Ba'athism has loosely been affiliated with Socialism and Communism throughout its history, founder Ra'd Mohammed el-Amin hailed from the Majatran Socialist Union and was an active proponent of state capitalism, mass mobilization of the people, a vanguard party and other elements that are similar to Socialism and Communism. Modern political experts nearly a millennium after the foundation of the party believes that fascism or radical nationalism is similar to what Ra'd Mohammed el-Amin had meant in his motto of "Unity, Liberty and Socialism". Ba'athism, despite its somewhat modern authoritarian undertone, has core tenants of Socialism and Communism at its heart and continues to maintain those traditions.

BranchesEdit

Jakanian regionEdit

Jakanian region
Qutr Jakaniyah
Regional Secretary Mukhtaar el-Radi (December, 4521)
Founded May 7th, 3408
Membership ~50,000

The Majatran Socialist Ba'ath Party - Jakania Region (Majatran: حزب البعث الاشتراكي, tr. Hizb al-Ba'ath al-Majatraniyah al-Ishtiraki - Qutr Jakaniyah) was the first branch of the ba'athist party founded by Ra'd Mohammed El-Amin on May 7th, 3408. It was the largest branch of the Ba'athist party and alongside the Kafuri branch, the Jakanian branch is the most successful branch.

The Jakanian branch has lost prominence in the rise of the Turjak majority in Jakania but the Majatran population in Jakania does still have membership within the Ba'athist party.

Kafuristan regionEdit

The Nationalist Party for the Kafuri Resurrection (Majatran: Hizb al-Ba'th al-Qafuri al-Qawmi) previously known as the Majatran Socialist Ba'ath Party - Kafuristan Region (Majatran: حزب البعث الاشتراكي, tr. Hizb al-Ba'ath al-Majatraniyah al-Ishtiraki - Qutr al-Qalb) was established in June 3051 however did not adopt the Ba'athist ideology until shortly after the creation of the Jakanian ba'athist party.
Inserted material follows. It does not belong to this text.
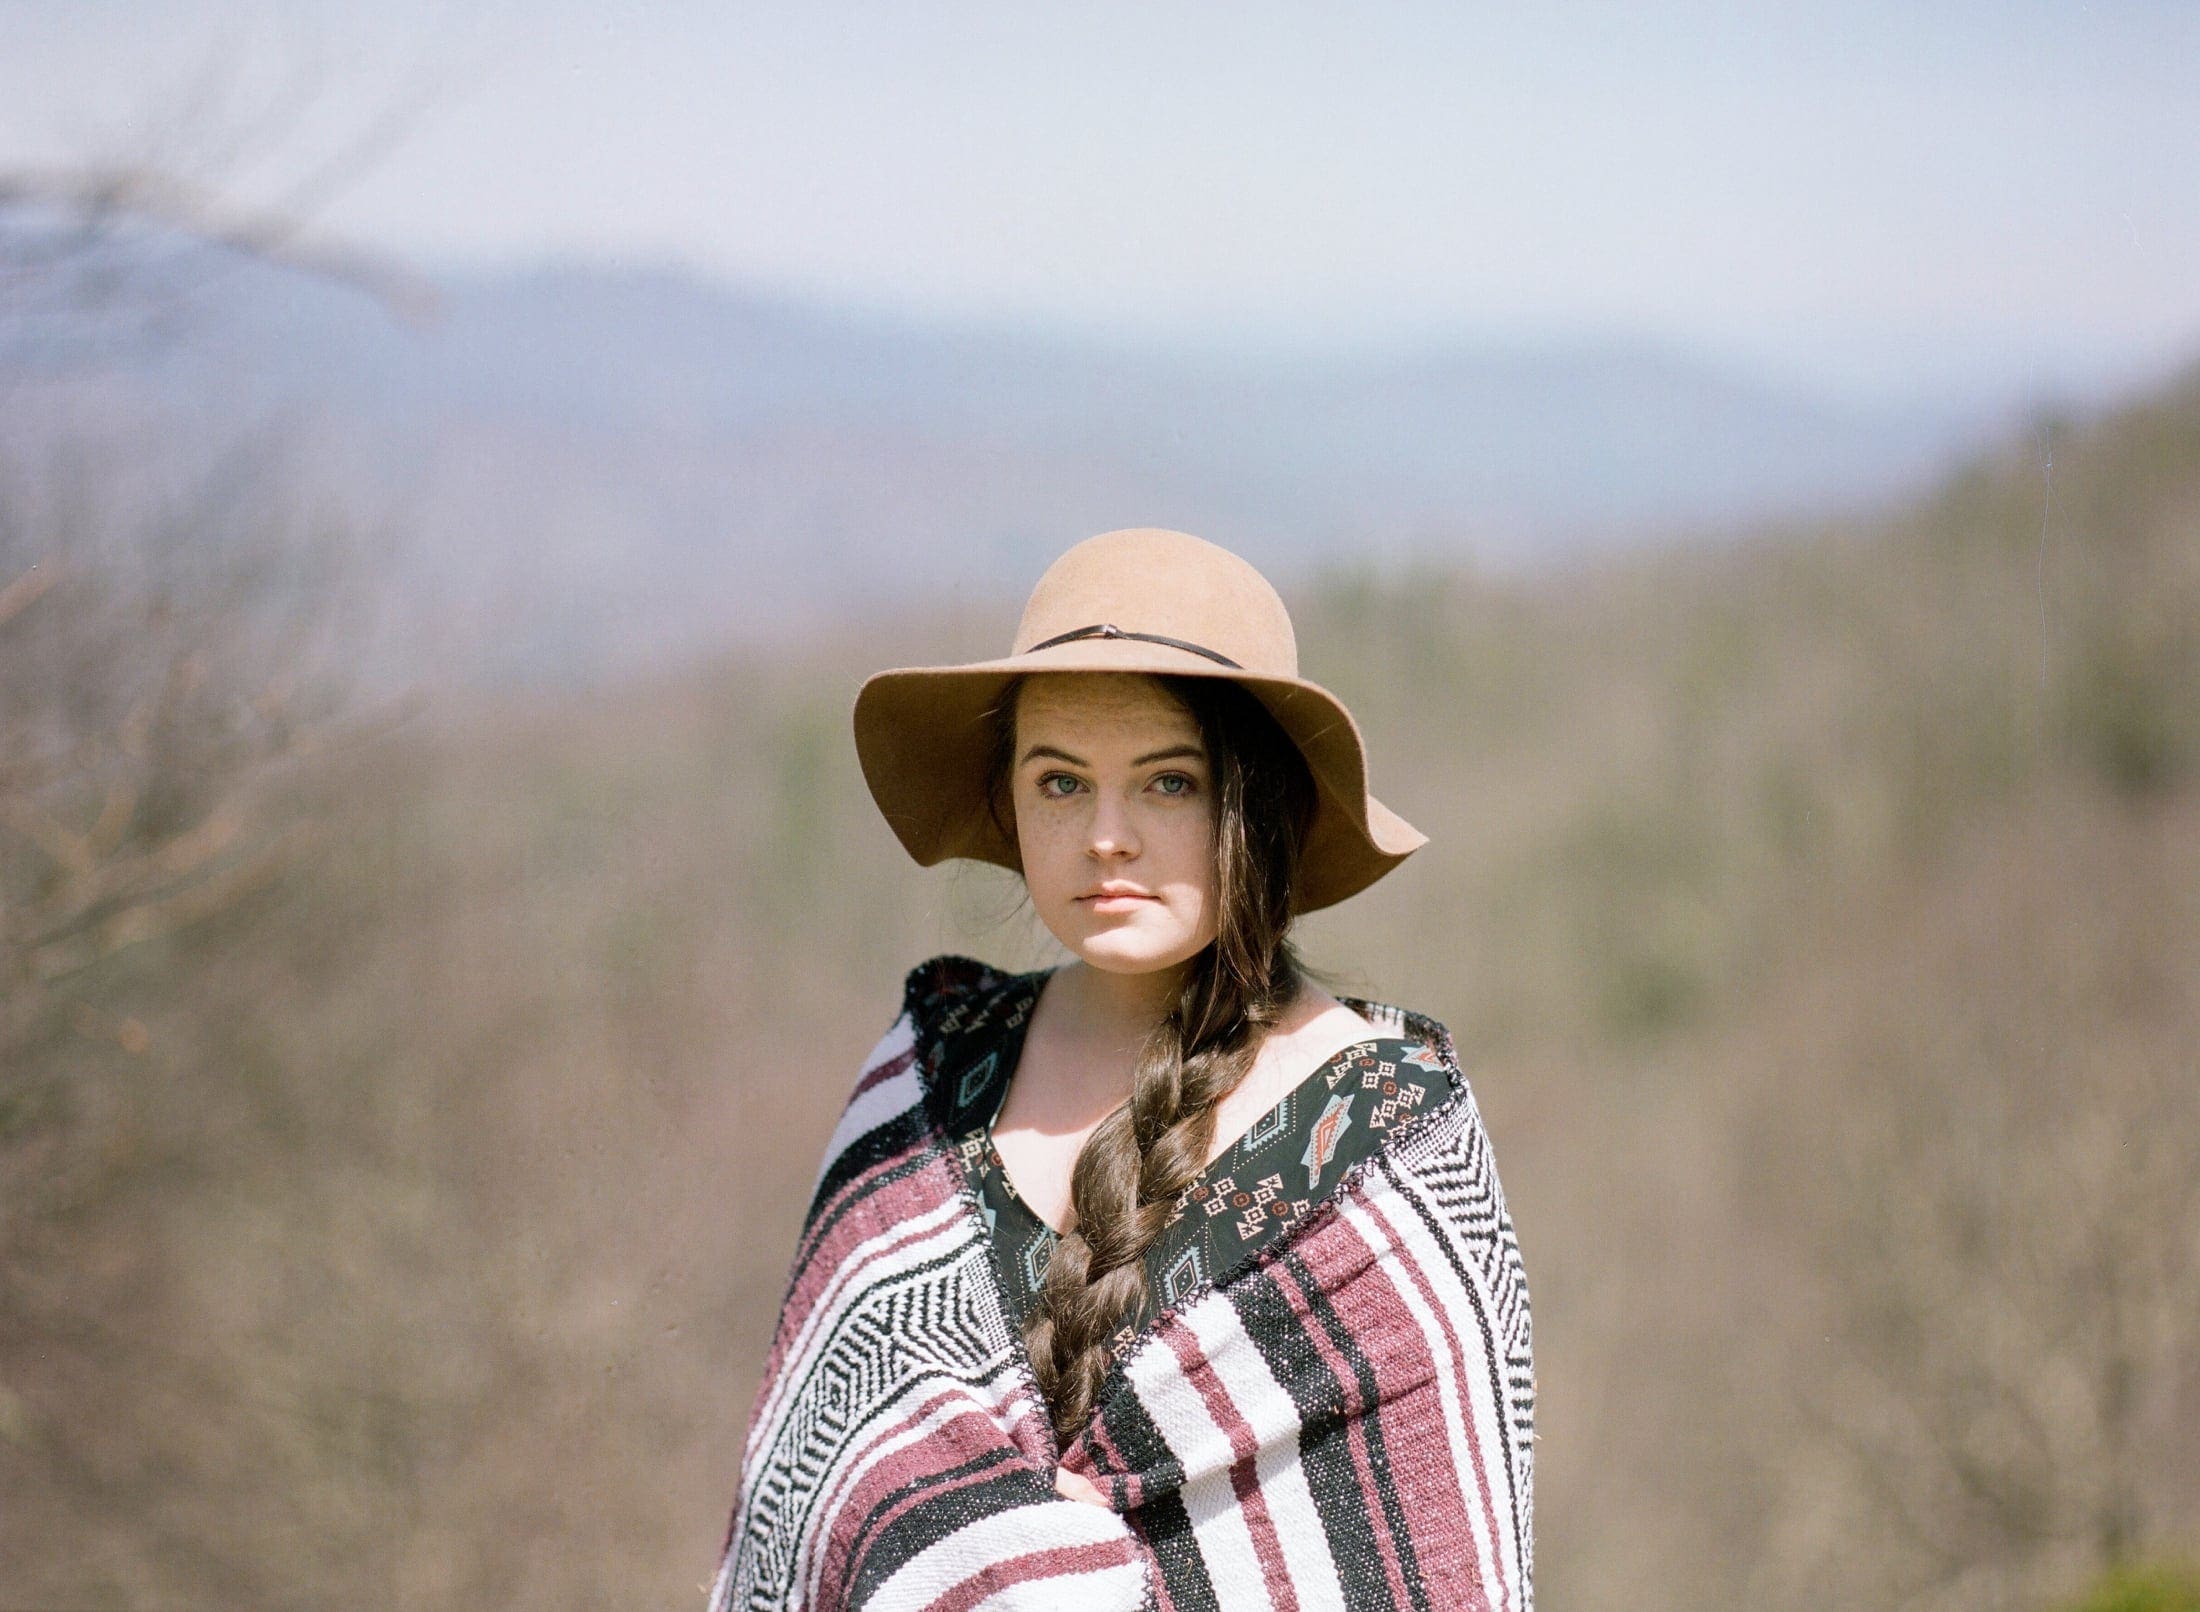 Film-Portra 400, Asheville Film Photography, Blue Ridge Parkway, teen in hat with hair braided, boho blanket, Blue Ride Mountains, Headshot

In December, 4521 the Majatran Socialist Ba'ath Party - Kafuristan Region was the only branch currently holding government of the Ba'athist party; it dominated the National Command and the Secretary-General was Sahl bin Qadir al-Sadhi, a descendant of founder of the al-Sadhi organization. The party temporarily stepped out of national affairs and returned in October, 4548 to compete in the national elections for Kafuristan. Sahl bin Qadir al-Sadhi was succeeded by Republican Guard General Abdur Rahmaan al-Sadhi, brother of the outgoing Secretary-General in 4535, he currently serves as the Secretary-General for the National Command and the Regional Secretary-General of the Ba'athist party.

Al'Badaran regionEdit

The Majatran Socialist Union (Majatran: Hizb Al-Ittihad Al-Ishtiraki Al-Majatriyah) also known as the Majatran Socialist Ba'ath Party - Al'Badara Region (Majatran: حزب البعث الاشتراكي, tr. Hizb al-Ba'ath al-Majatraniyah al-Ishtiraki - Qutr al-Badariyyah) was established in October 16th, 3409 by Zayd Mahdi Karim shortly after the establishment of the first Ba'athist party in Jakania. It is one of the smallest branches of the party and has never held any seats of power in Al'Badara.